4

This is one of those generic questions whose only correct answer is ``it depends''. What are the criteria?

  • What is monitored?
    • Reachability, availability? e.g. is a link up/down, does host respond to ICMP, etc.
    • Services? e.g. is something listening at the right port, is a named service running, etc.
    • Resources? CPU usage? e.g. % of total possible, cumulative time, total or per proceess. disk usage? network usage? e.g. bytes or packets moved in or out.
    • Services? e.g. is something listening at the right port, is a named service running, etc.
    • Service or application specific metrics? e.g. DB transactions per second, SMTP messages send or received, etc.
  • How are monitored elements discovered/added/setup/configured? Is there auto discovery? Manual setup?
  • How are particular elements monitored?
    • a local agent? e.g. to do periodic "df" or "ps" or "ping"
    • SNMP?
    • JMX?
    • windows performance counters?
  • How is notification done? e.g. console, email, pager, SMS, IM, etc.

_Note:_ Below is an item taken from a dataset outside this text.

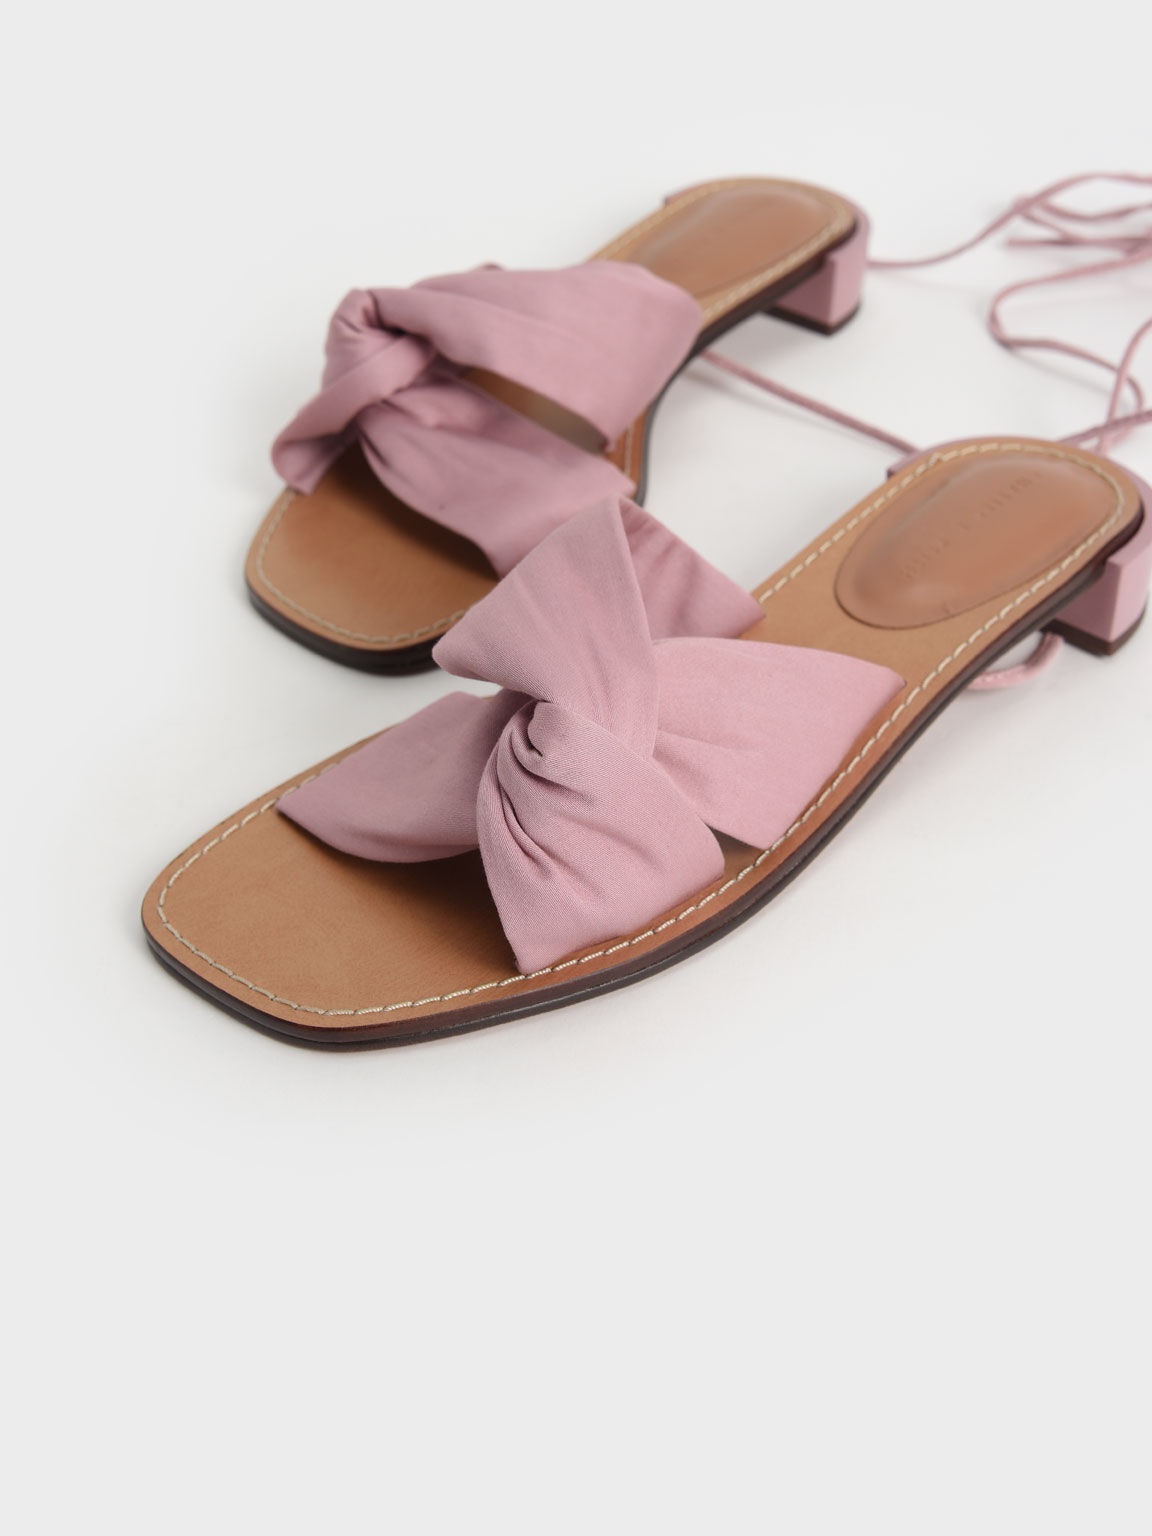 Knotted Tie-Around Sandals, Pink, hi-res

  • How are elements and notifications grouped and prioritized?
    • e.g. will a link failure set off notifications for all the service or reachability elements behind that link? Or a just one? Or is it configurable?
    • e.g. will a host failure set off notifications for all the services or applications hosted there and for lack of resource monitoring data?
    • is there automatic case/ticket/issue creation in tracking system?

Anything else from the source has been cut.